Furthermore, the correctness of our view is shown by the fact that Aristotle later on uses what he proves here, as a principle to prove the eternity of the first motion. He would never have done this, had he already proved that the first motion is eternal.
The reason which moved Averroes is wholly frivolous. For he says that if Aristotle is here intending to inquire into the eternity of motion in common, it will follow that the consideration of Aristotle has been diminished, because it is not evident from what he proves in this place, how motions could be always continued one to the other.
But this has no weight, because it is enough for Aristotle to prove in this chapter in a general way that motion has always been. But how the eternity of motion is continued—whether it is because all things are always in motion, or because all things are sometimes in motion and sometimes at rest, or because some things are always in motion and others sometimes in motion and sometimes at rest—is a question he raises immediately after the present one.
Thus the present chapter must be explained according to this intention, namely, that he intends to inquire about motion in common. According to this, therefore, he asks: “Did motion in common begin to be at some time, so that previously there had never been any motion, and so that at some time it will perish so as to leave nothing in motion, or, on the other hand, did it never begin and will it never cease, so that it always was and always will be?
And he gives an example taken from animals, for some philosophers have said that the world is a certain large animal. For we see animals as alive so long as motion is apparent in them, but when all motion ceases in them they are said to be dead. Accordingly, motion in the whole universe of natural bodies is taken as a kind of life. If, therefore, motion always was and always will be, then this sort of life of natural bodies will be immortal and never-failing.
967. Then at (749) he answers a tacit question. For in the preceding books Aristotle had discussed motion in common, without applying it to things; but now, inquiring whether motion has always existed, he applies his general doctrine about motion to the existence it has in things. Therefore, someone could say that in this consideration the first question should have been about whether motion has existence in things rather than whether it is eternal, especially since there are some who have denied that motion exists.
To this he responds that all who have spoken about the nature of things admit that motion exists. This is evident from their statements that the world was made, and from their consideration of the generation and ceasing-to-be of things, which cannot occur without motion. It is therefore a common supposition in natural science that motion has existence in things. Hence there is no need to raise this question in natural science any more than in other sciences are raised questions about the suppositions of the science.
968. Then at (750) he presents opinions for both sides of the question he proposed.
First he gives the opinions which declare that motion is eternal;
Secondly, those who declare that motion is not eternal, at 969.

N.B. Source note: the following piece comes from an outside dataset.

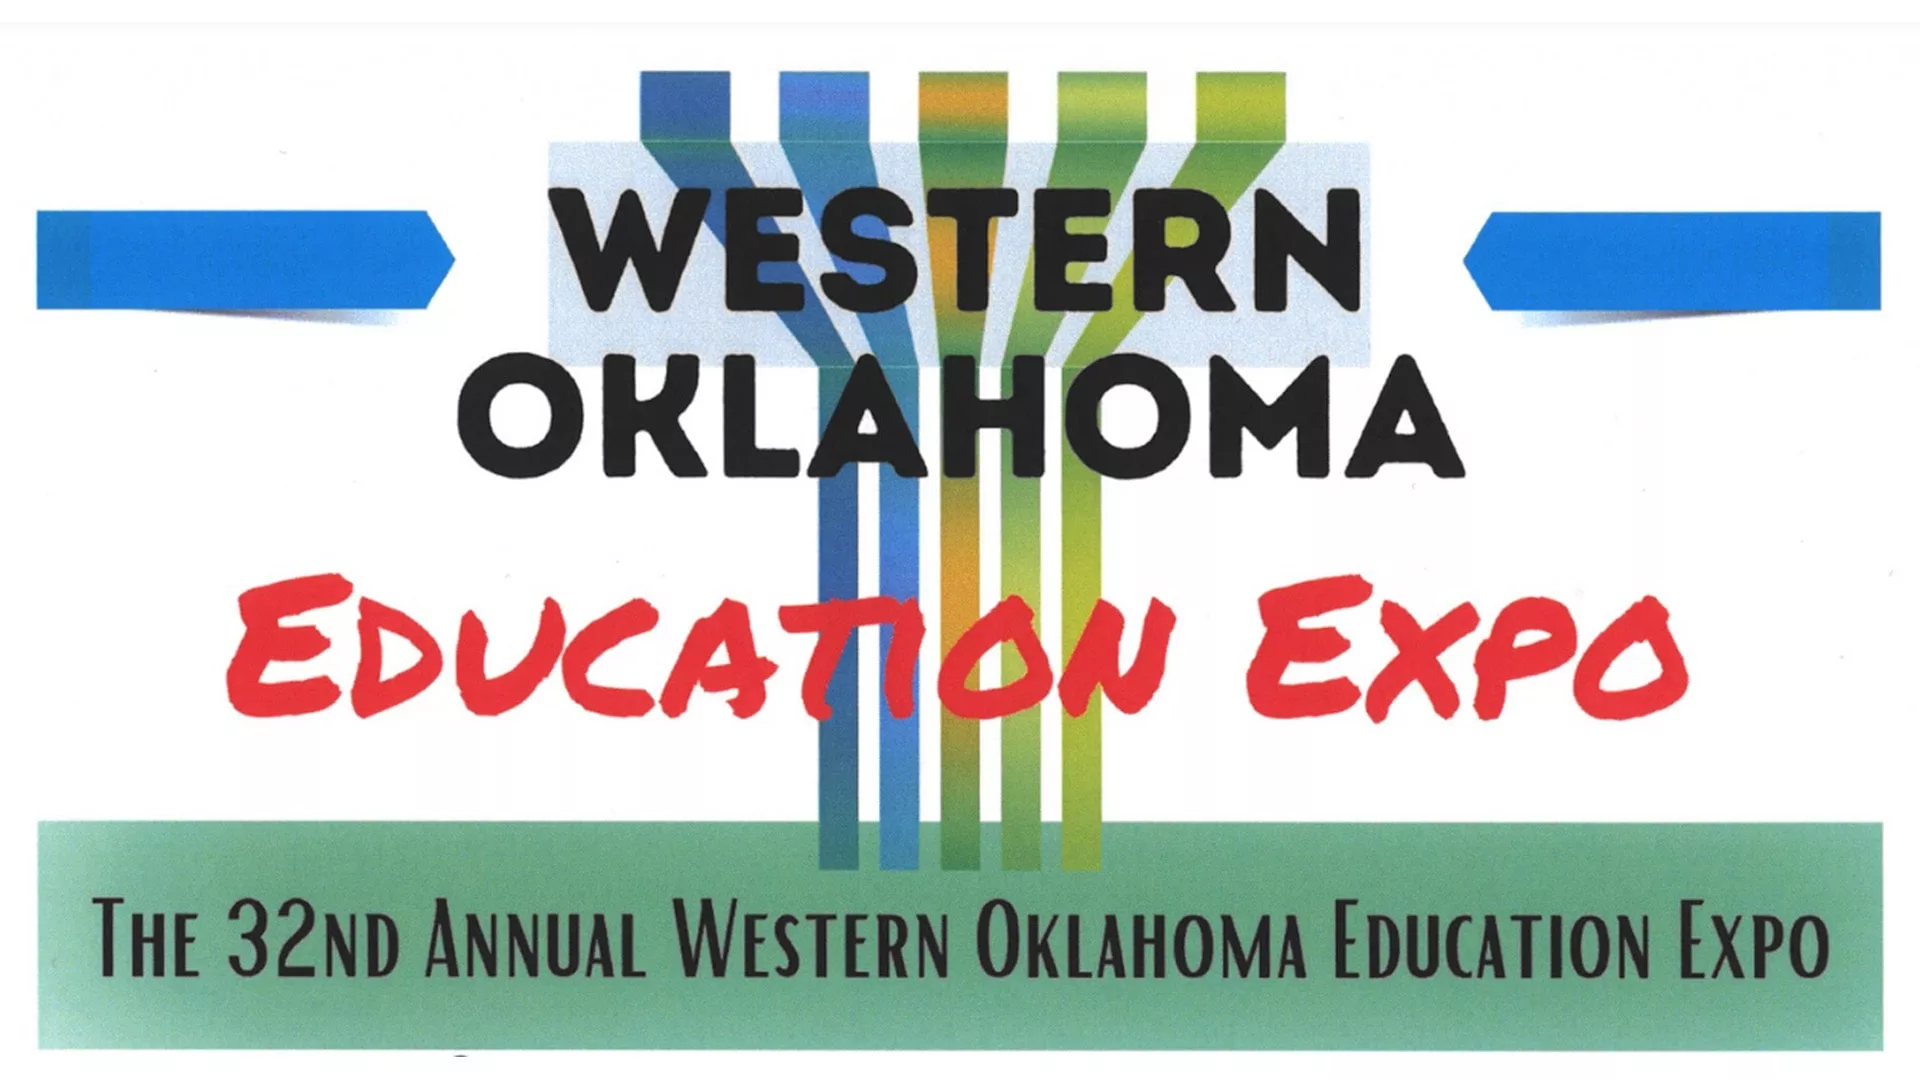 Logo of the 32nd Annual Western Oklahoma Education Expo
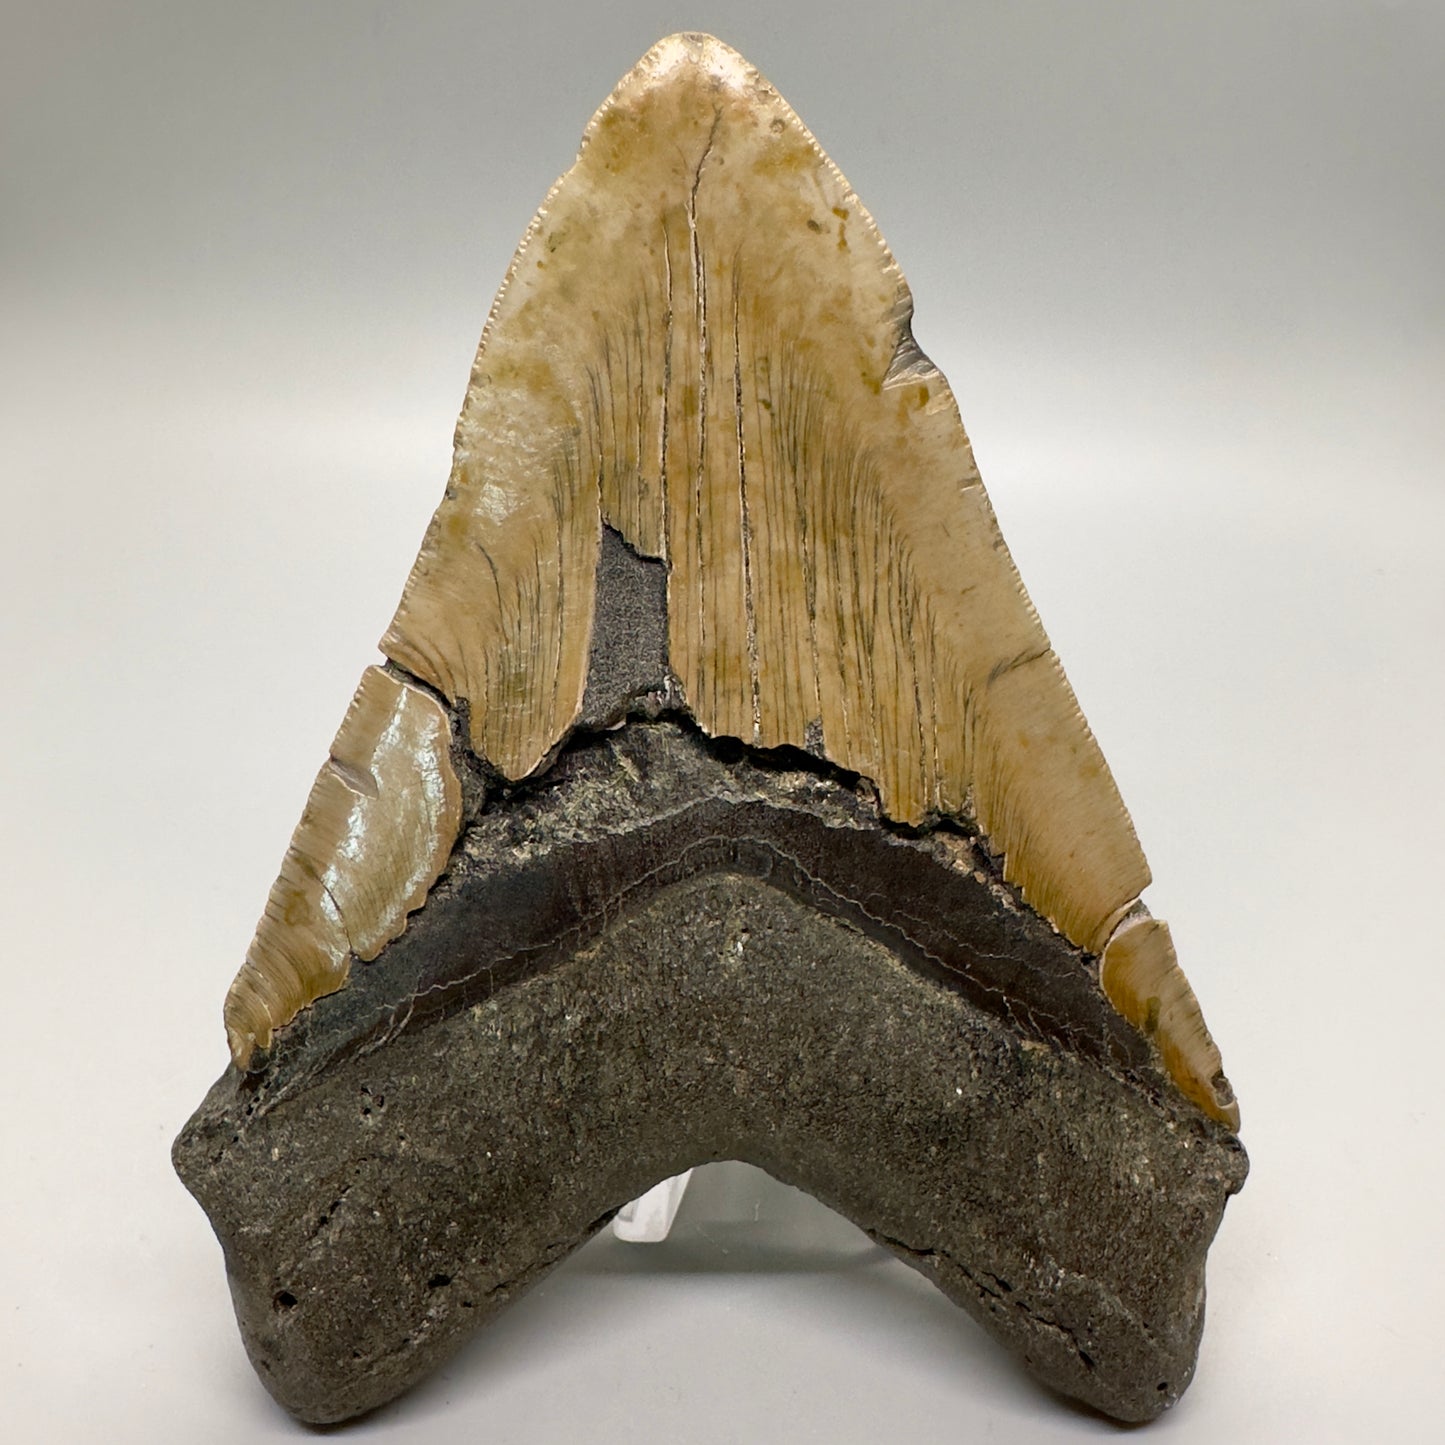 Colorful 5.61" Fossil Megalodon Shark Tooth - Wilmington North Carolina CM4630 - Back

In explanation of the first part (750), therefore, it should be known that Democritus supposed that the first principles of things are bodies that are per se indivisible and always mobile and that the world came to be by the chance aggregation of these bodies—not only the world in which we exist but an infinitude of other worlds, since these bodies congregated to form worlds in diverse parts of infinite void. Still he did not posit these worlds as fated to endure forever; rather, some came into existence as a result of atoms combining, and others passed out of existence as a result of the same atoms scattering. Therefore all the philosophers who agree with Democritus assert the eternity of motion, because they say that the generation and ceasing-to-be of certain worlds i’s always going on-and that necessarily involves motion.
969. Then at (751) he gives the opinions of the other side. And he says that whoever declare that there is just one world which is not eternal, also declare what reasonably follows with respect to motion, namely, that it is not eternal.
Therefore, if there be supposed a time in which nothing was in motion, this could happen in two ways, just as it is in two ways that this world could be supposed not always to have been: in one way, that this world began in such a way that previously it never existed at all, as Anaxagoras held; in another way, that the world so began to be that it did not exist for some time previously, but that it again had existed before that time, as Empedocles held.
In like manner with respect to motion, Anaxagoras said that at one time all things were a mixture of one thing with another and nothing was segregated from anything else—in which mixture it was necessary to posit that all things were at rest, for motion does not occur without separation, since whatever is in motion separates from one terminus in order to tend to another. Therefore Anaxagoras posited the pre-existence of this mixture and rest in infinite time, in such a way that at no time before (the present world) had there been any motion at all, and that it was Mind, which alone was unmixed, that caused motion in the first instance and began to separate things one from another.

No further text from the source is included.